Results of the competition for the restoration of documents after shredder

Problem number 5, about 6200 fragments, the size of each fragment is about 150 x 60 px.

Agency DARPA announced the results of the competition for the restoration of documents after Schröder. Almost 9,000 teams took part in the competition.

Each “puzzle” consisted of handwritten text fragments ground on a new commercial shredder and scanned with a resolution of 400 DPI. In the most difficult task number 5 there were about 6,200 fragments from an unknown number of pages - only two teams coped with this task.
')
The winner was the team All Your Shreds Are Belong To US - she was able to score the maximum possible 50 points by completing all the tasks. The closest competitors scored 30 and 26 points.

No one was able to develop a fully automatic solution; all the teams provided for the participation of one or several human operators who verify the correctness of the fragments coincidence. Polish team tried to use crowdsourcing. A couple of dozens of users jointly decided on the first puzzle relatively quickly, but did not go further.

Programmer Mark Newlin ( wasabi team), who finished third, published his document recovery technique.
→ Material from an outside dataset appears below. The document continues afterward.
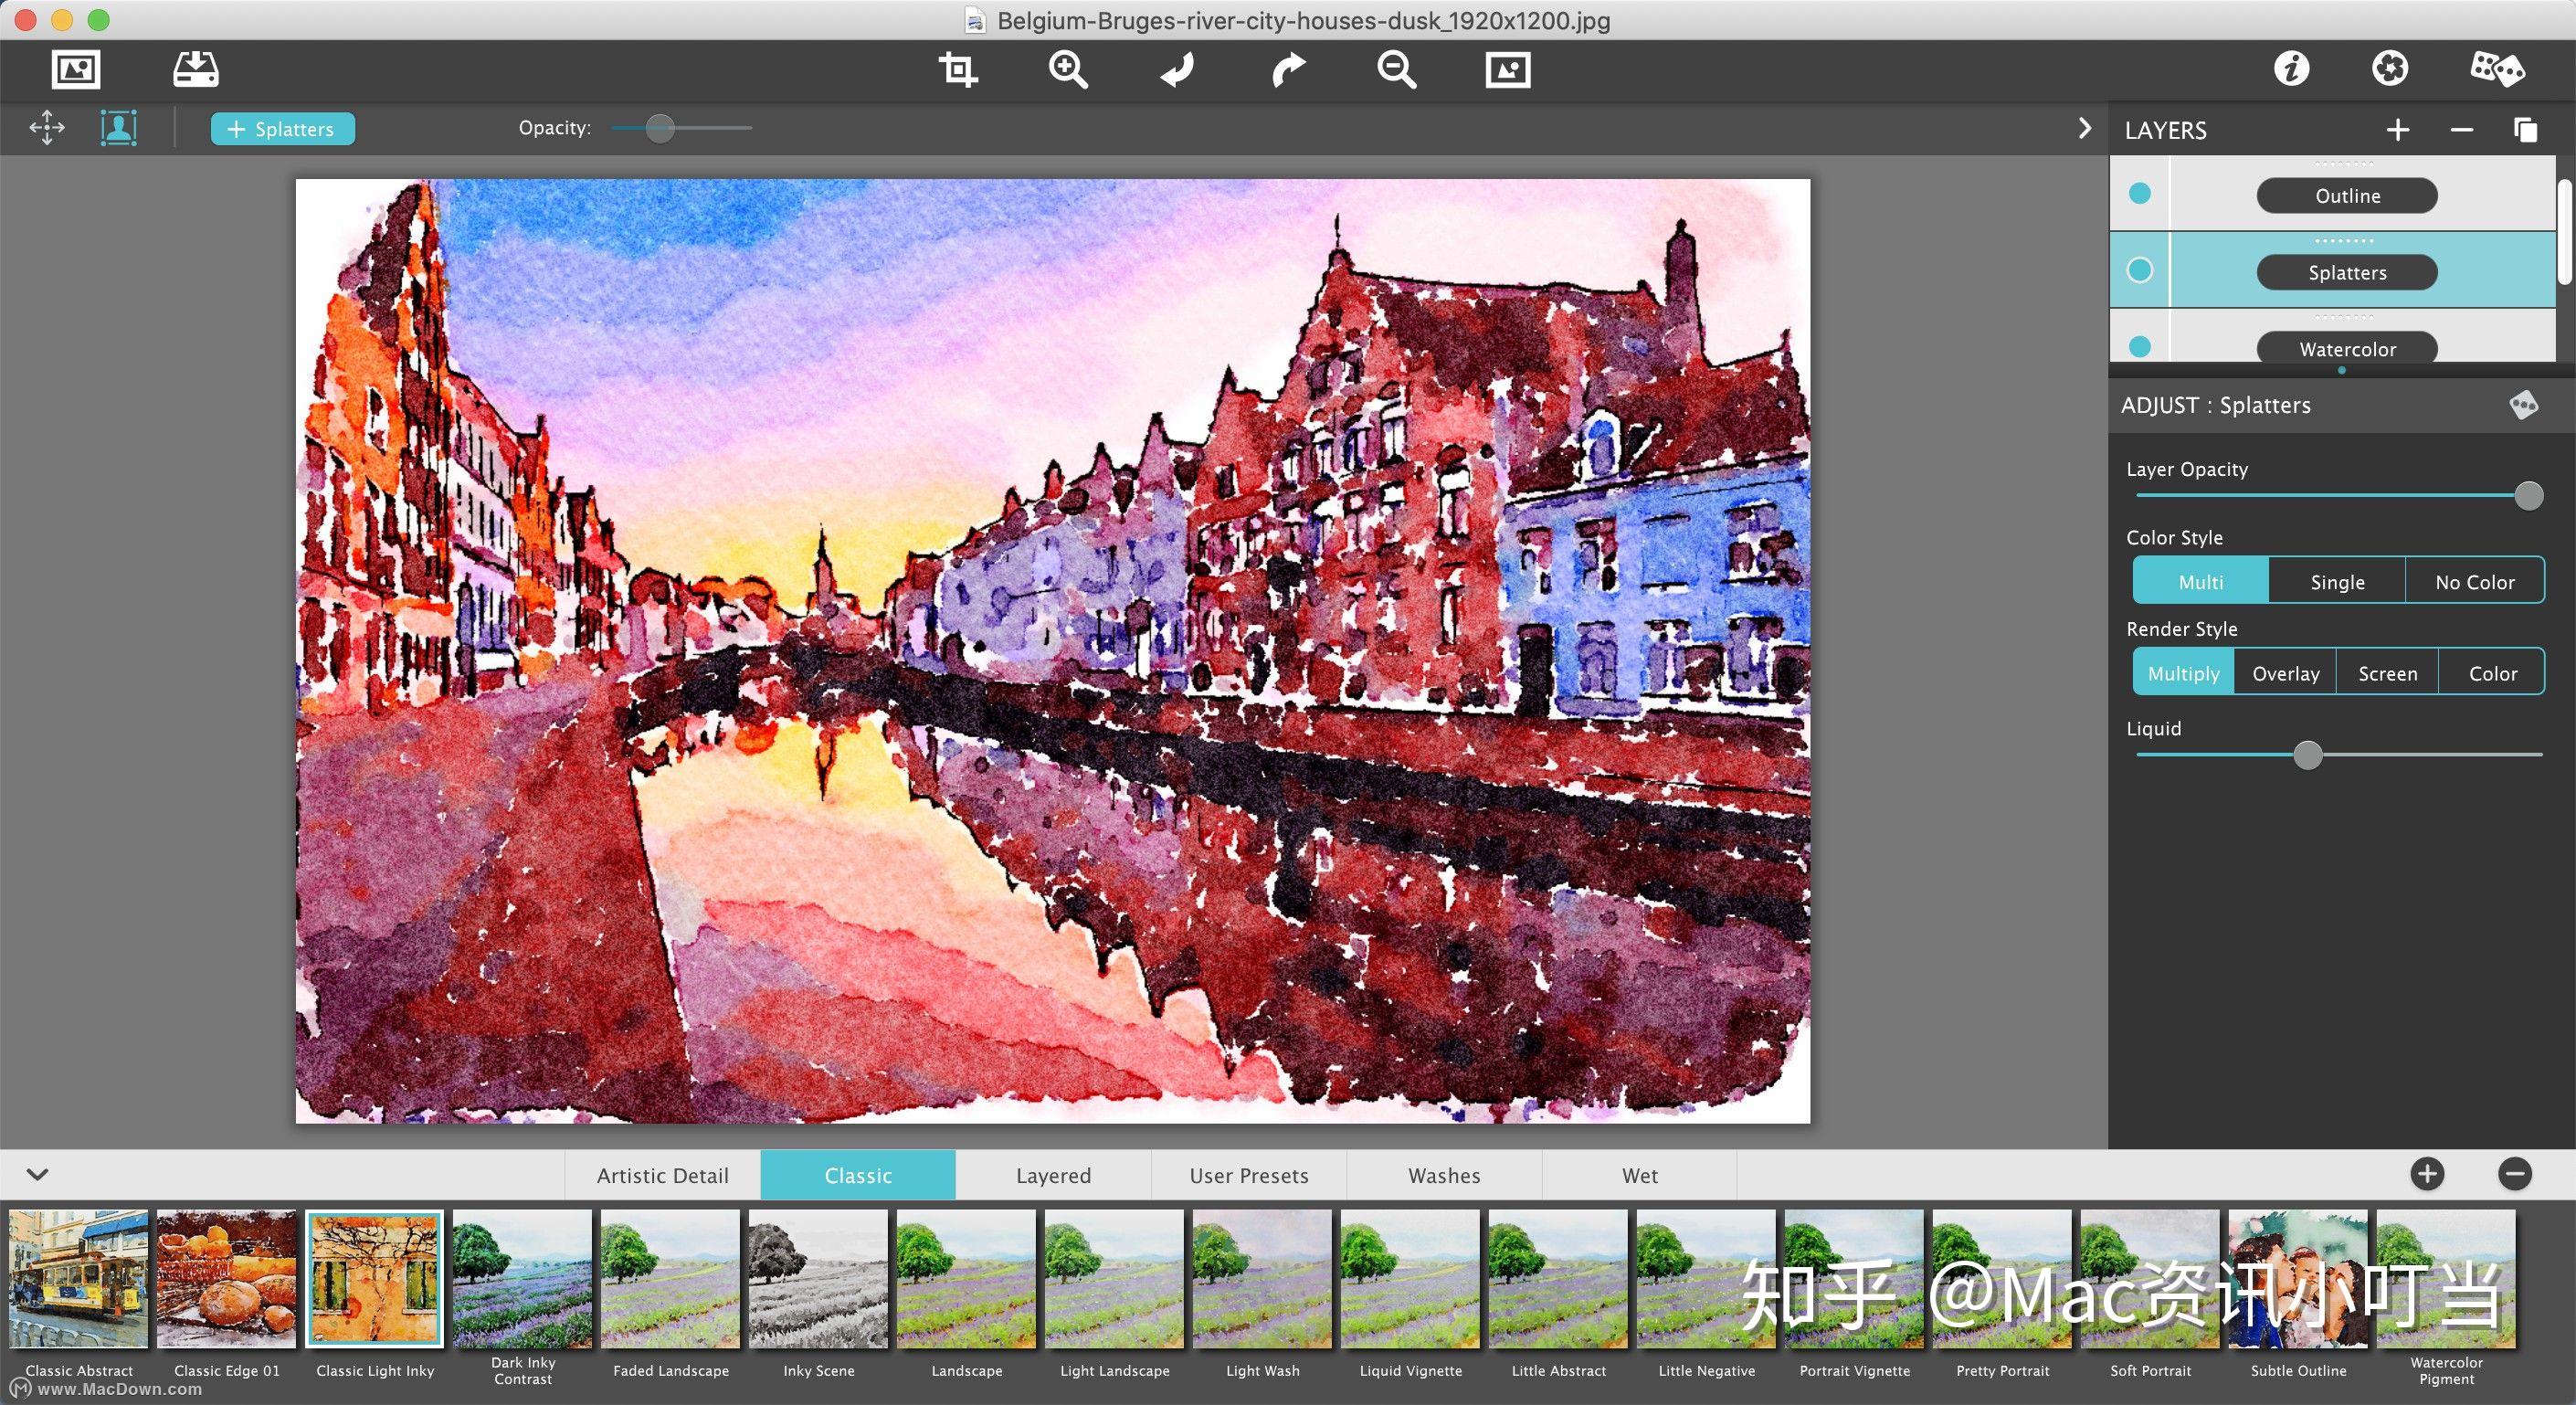 download the last version for windows Jixipix Watercolor Studio 1.4.17

All modules are developed in C # / .NET 4.0 / MSSQL. At the first stage, preparation for the assembly is carried out: splitting the image into separate fragments, clearing from the background and alignment.



The selection of borders is carried out after filling the background. Fragment alignment is automated by the side with the maximum number of pixels, and in controversial cases, manual alignment helps (according to Mark, these were about 1%). The upper and lower boundaries of the fragments are also easily identified by the characteristic traces of the Schröder, so that if necessary, the fragment is rotated 180 °. Each piece of the puzzle is saved to a file. Separately, the “cleaned” version of the fragment is stored, cut off from the long sides - it is needed to find the junction points of the handle trace.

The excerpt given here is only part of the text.